Loney Dealing With Additional Responsibility

Steve Loney is now the Vikings' offensive line coach and offensive coordinator. It's a dual job title that will require impeccable organizational skills and the tolerance for a lot of stress, but Loney is dealing with it as best he can this offseason.

Today's job-related stress may be more than ever for the average American, but Steve Loney's increased workload is a major-league challenge, to say the least.

Loney finished his third season as the Vikings' offensive line coach in January. A few weeks later, he was asked to pull double-duty.

When offensive coordinator Scott Linehan took the same position with the Miami Dolphins because the Vikings couldn't offer him any more job security beyond a one-year contract, the same ownership uncertainty forced head coach Mike Tice to make the request of Loney. Could Loney be the offensive line coach and the offensive coordinator?

He's trying.

"It's been like juggling five balls. I've enjoyed it, but it is a challenge," Loney said after a camp practice. "When (you are) the offensive line coach, you can say, ‘I'm done for the day,' but there are still several other segments that you've got to be involved in (as the offensive coordinator). You've got to know it all and be involved in it all. It still has been good."

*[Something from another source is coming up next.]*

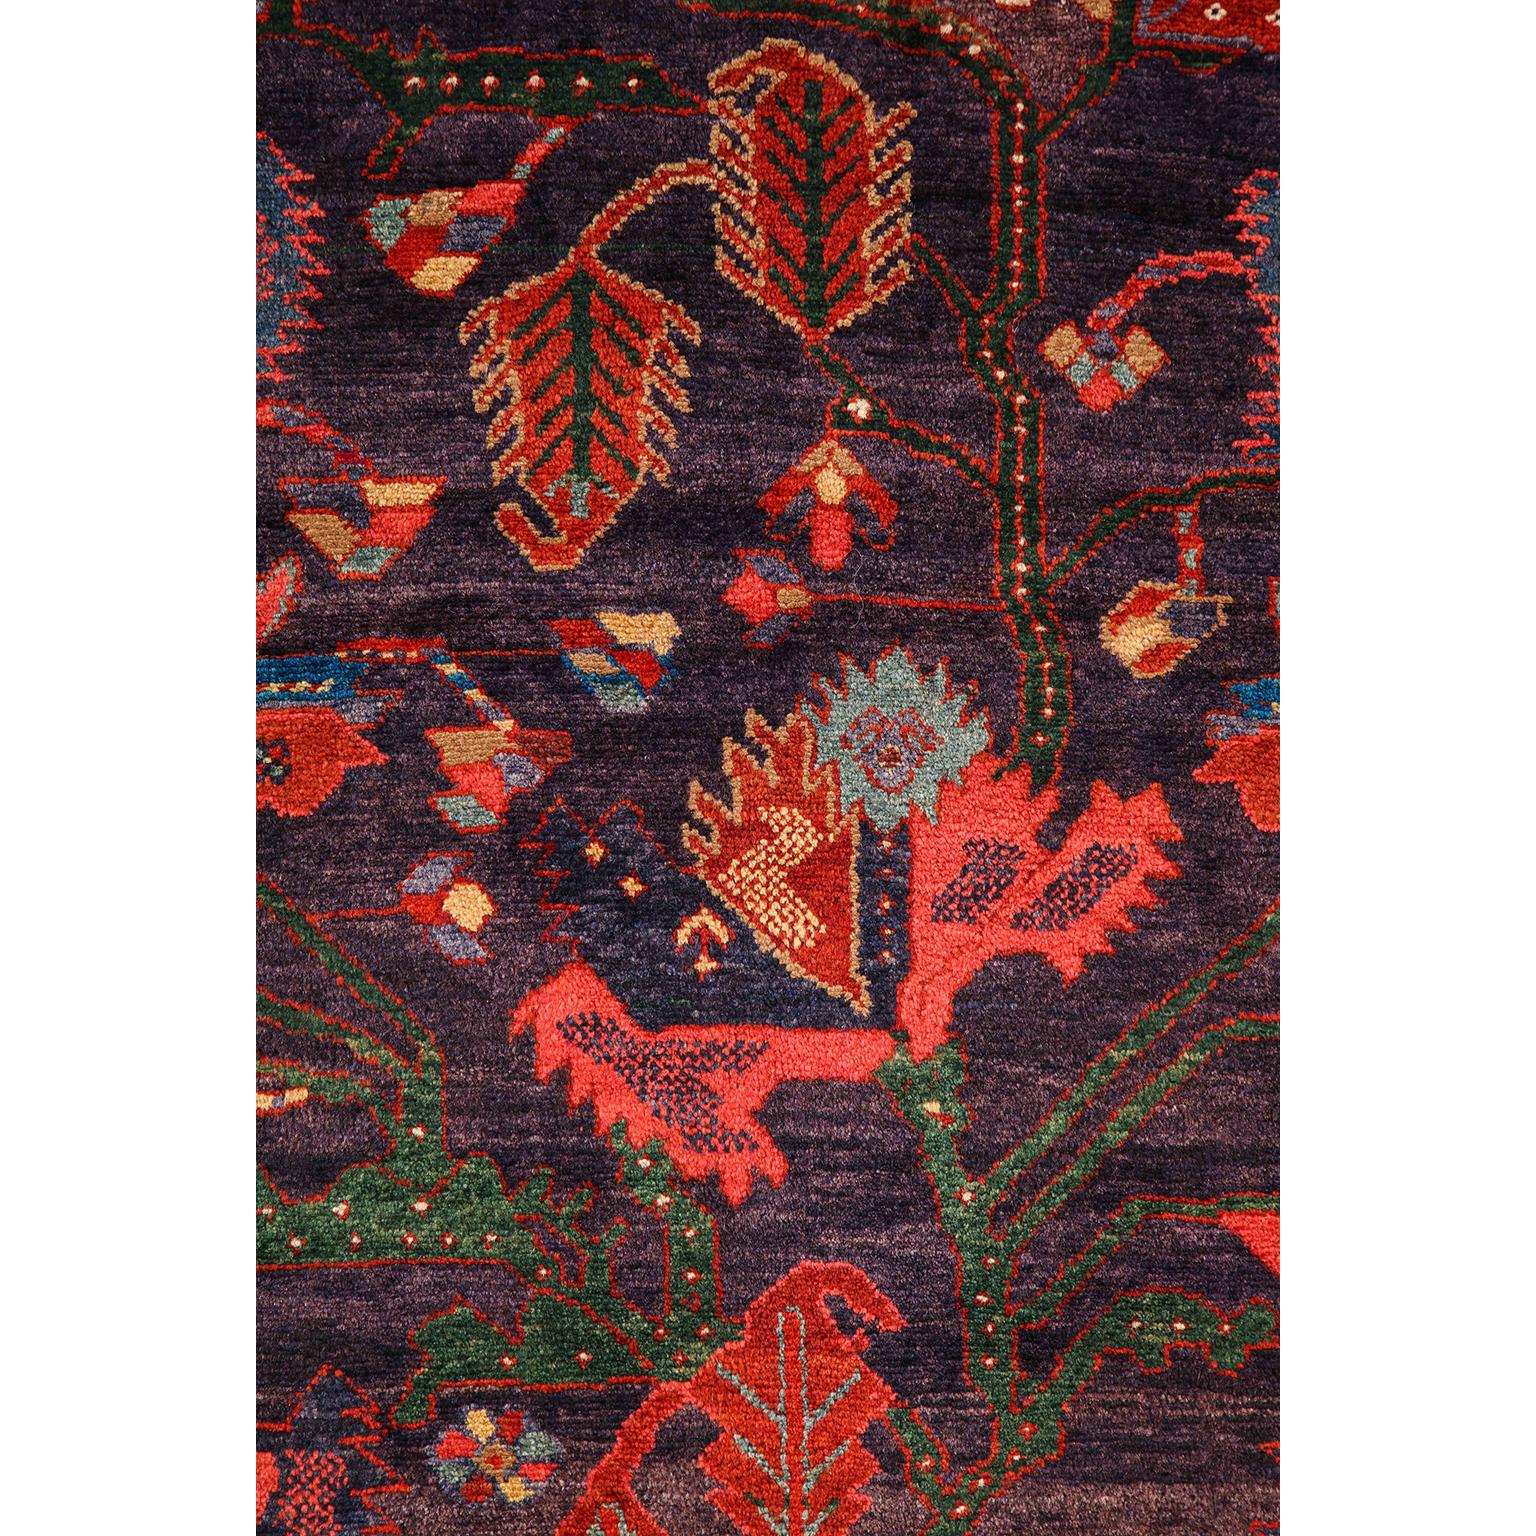 Vegetable Dyed Antique 1910s Saveh Tree of Life Persian Rug, 5' x 7' For Sale

It's not like Loney came into the position with blinders on. Although he had never been an NFL offensive coordinator – his only other NFL experience was as the offensive line assistant with the Arizona Cardinals in 1993 – Loney had been a coordinator before in the college ranks.

In fact, 30 years ago Loney had the exact same job title as he does now, as the offensive coordinator/offensive line coach for Missouri Western. In 1979-80, he did the same for Morehead State before becoming its head coach. And before joining the Vikings, from 1995-2001, he was the offensive coordinator and offensive line coach for Iowa State, then the University of Minnesota, then Iowa State again.

He has had success at both posts. In 2003, the Vikings ranked No. 1 in total offense and fourth in rushing in the NFL while three different running backs had 100-yard rushing days. In 2002, the Vikings led the NFL in rushing with a franchise record 2,507 yards, breaking a 27-year old mark. It was also Michael Bennett's best year, as the running back had 1,296 yards.

In his second season at the University of Minnesota, the Gophers finished second in the Big Ten and 11th nationally in rushing. While offensive coordinator with Iowa State in the mid-1990s, the Cyclones produced the only running back – Troy Davis – to rush for back-to-back 2,000-yard seasons.

So the timing of the Vikings looking to establish a more consistent running presence and Loney being named the offensive coordinator may be good. Still, the National Football League is more complex than the National Collegiate Athletic Association.

"In the NFL it's new to me. You have so many more protections," Loney said. "It's kind of like this: Everybody that's running for the president of the United States, they all talk about domestic policy and they don't talk much about international things. And then they become president and they're always involved in the international because it's the time commitment. In the NFL, you look and you talk about protections and you talk about the run game, but then when you become the coordinator, now that pass game, you have to become so involved and know all that. That's the difference – you go in and have a lot more protections and you've got to be able to tie the routes into the protections. Before you just had to know the protections. That's the biggest difference."

At times, Loney wears his offensive coordinator hat. At other times, he concentrates on just his offensive line duties. And then there are plays during practice that he is both, sometimes beginning the play by studying the offensive line's blocking schemes and ending the play with a view of the rest of the field.

"In being the offensive line coach and the coordinator, what happens is that you jump in there and you've got to coach the offensive line. You can't not coach them. So I focus my attention there and then I look (at the whole offense), and if something jumps out at me I'll say something," he said.

"I think it's my responsibility (for) the tempo, the discipline of the offense – those sorts of things I try to interject myself into. But as far as the play going on and me looking and saying that guy ran the route at 14 yards and it's supposed be at 16, that's what (receivers coach) Wes Chandler is for. There was one time (at developmental camp) where I saw if the receiver had blocked the outside number, we had a good play. He was on the inside and it jumped out at me. I went over to Wes and he was on the same page."

Loney will be forced to rely on his assistants throughout the season, even if they number fewer than most coaching staffs in the NFL. That's part of the deal with an ownership in transition and Loney looking to make the most of the situation.

The Vikings will continue to experiment with Loney's responsibilities throughout the offseason and probably into the preseason. Tice, a former offensive line coach, has indicated he may call the plays if it all proves too much for Loney.

For now, however, Loney is just trying to deal with the additional responsibilities and job stress, maybe the most he's had since he began his coaching career in 1974.